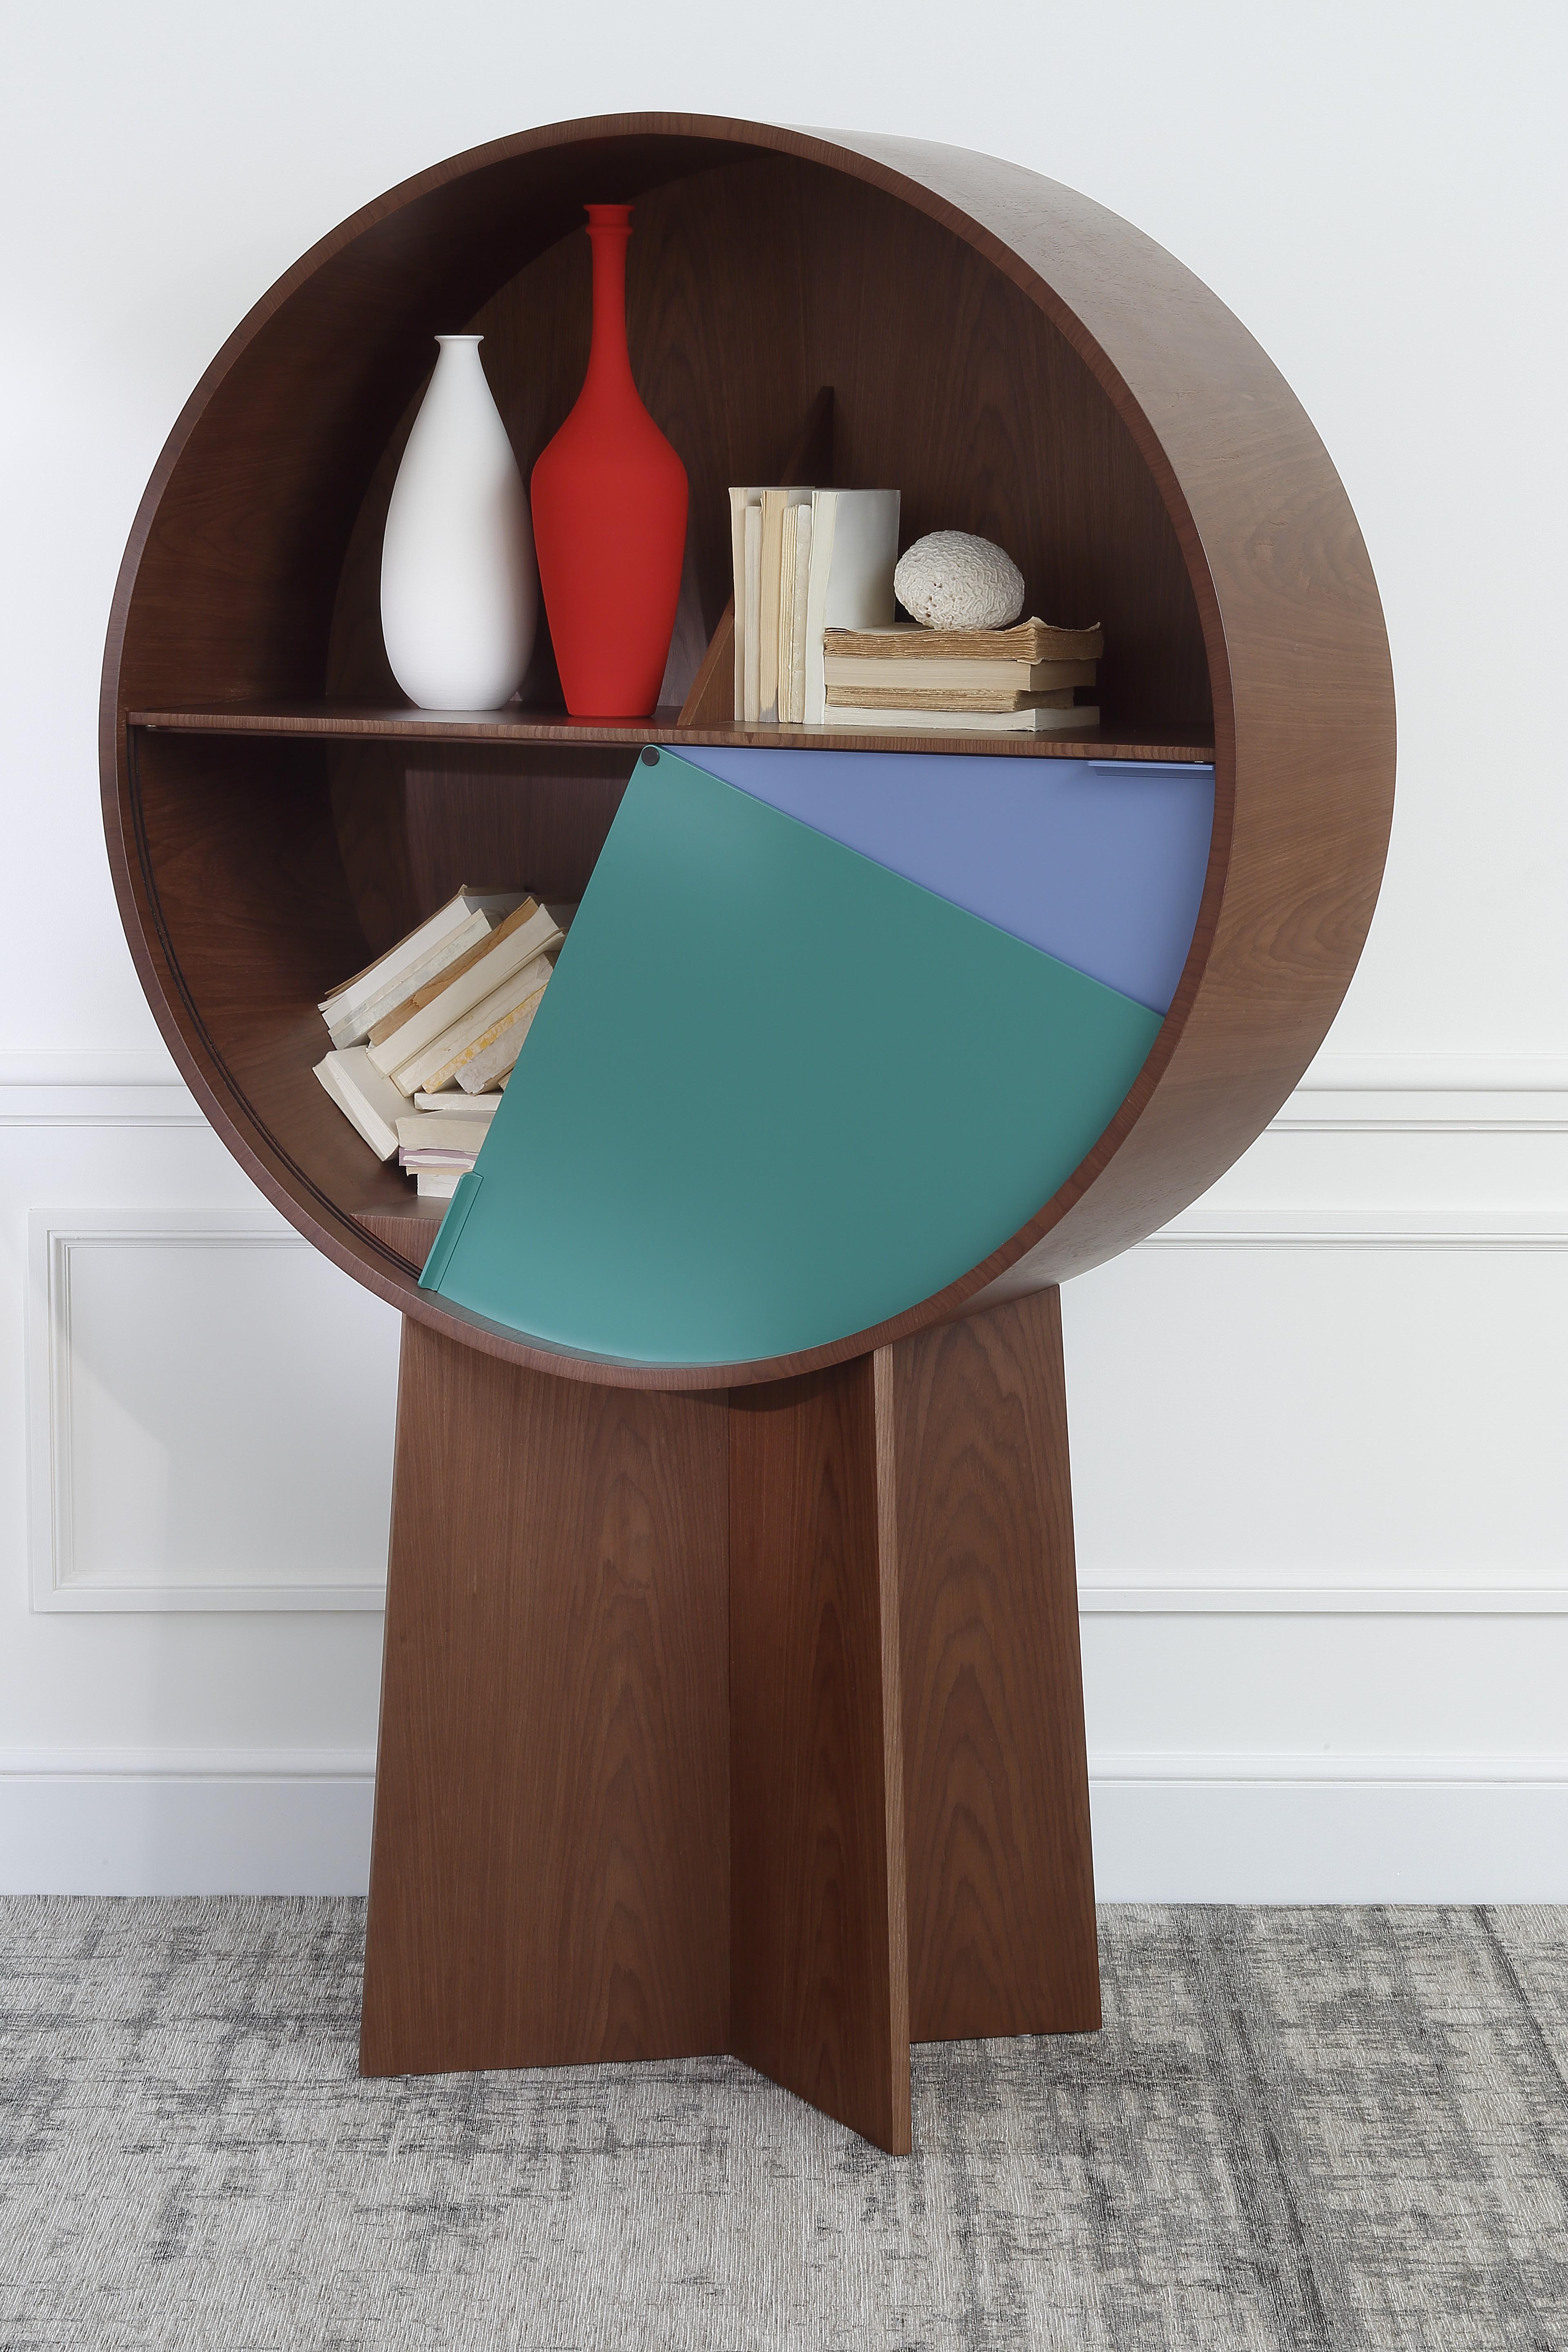 Walnut Luna storage cabinet by Patricia Urquiola
Materials: Walnut veneer on medium, or orange lacquer on medium. 2 sliding doors in two-tone lacquered hemispheres or in varnished walnut veneer
Technique: Lacquered or natural wood. 
Dimensions: D
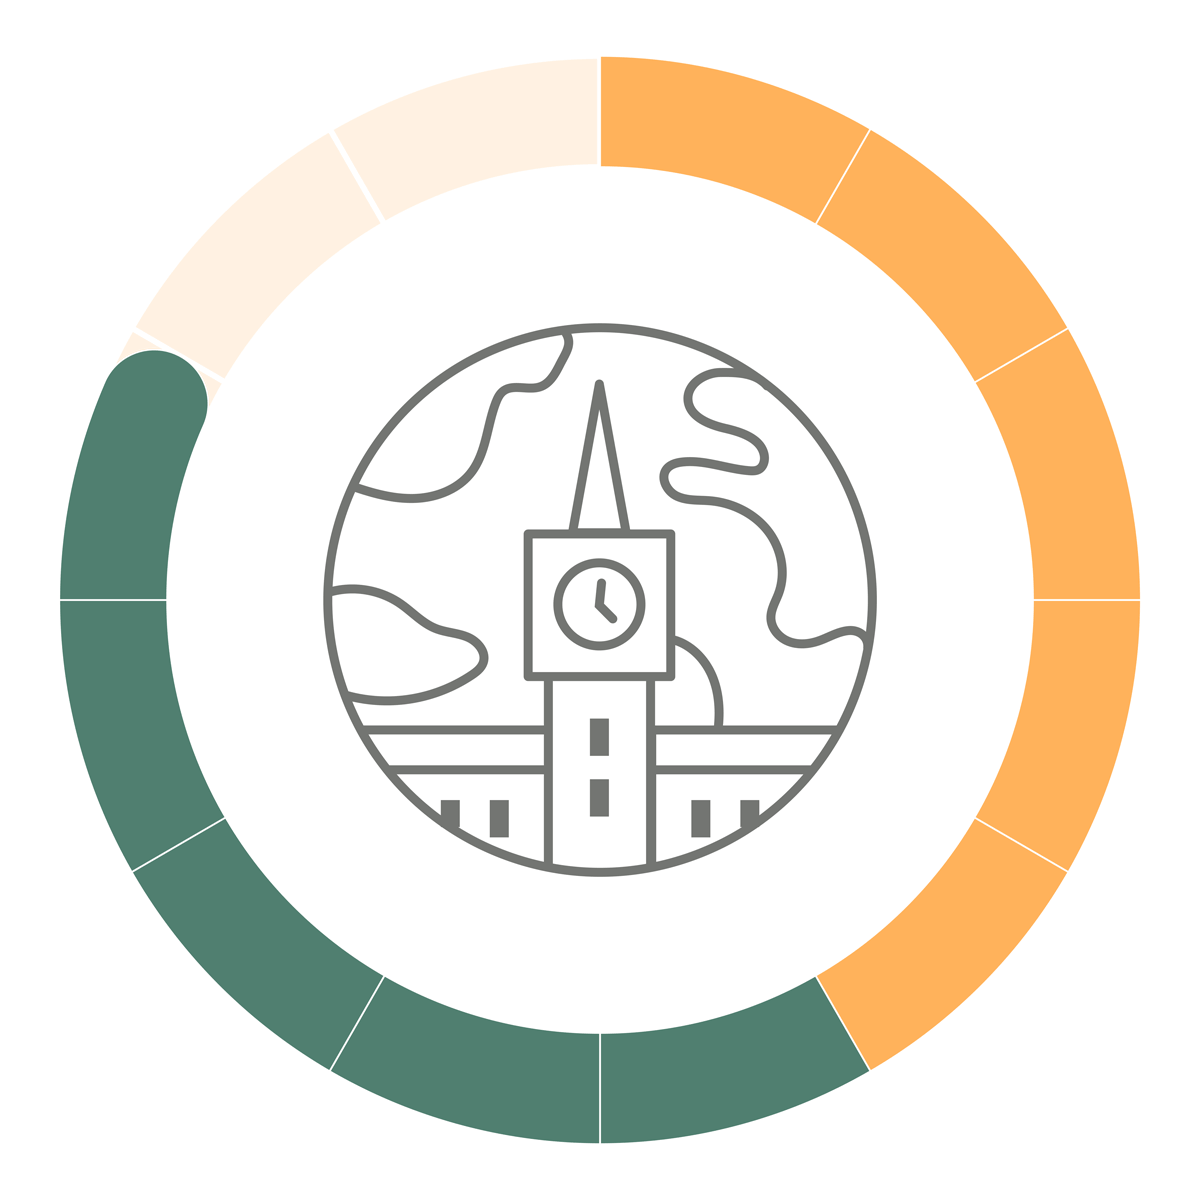 IAC’s Relationships and Governance progress icon with circular meter at 10/12 complete
◇ ◇ ◇ ◇ ◇
Directions for this task - Please print every record exactly as written, without the pictures.

Finished exercise -
 Walnut Luna storage cabinet by Patricia Urquiola
Materials: Walnut veneer on medium, or orange lacquer on medium. 2 sliding doors in two-tone lacquered hemispheres or in varnished walnut veneer
Technique: Lacquered or natural wood. 
Dimensions: D
 IAC’s Relationships and Governance progress icon with circular meter at 10/12 complete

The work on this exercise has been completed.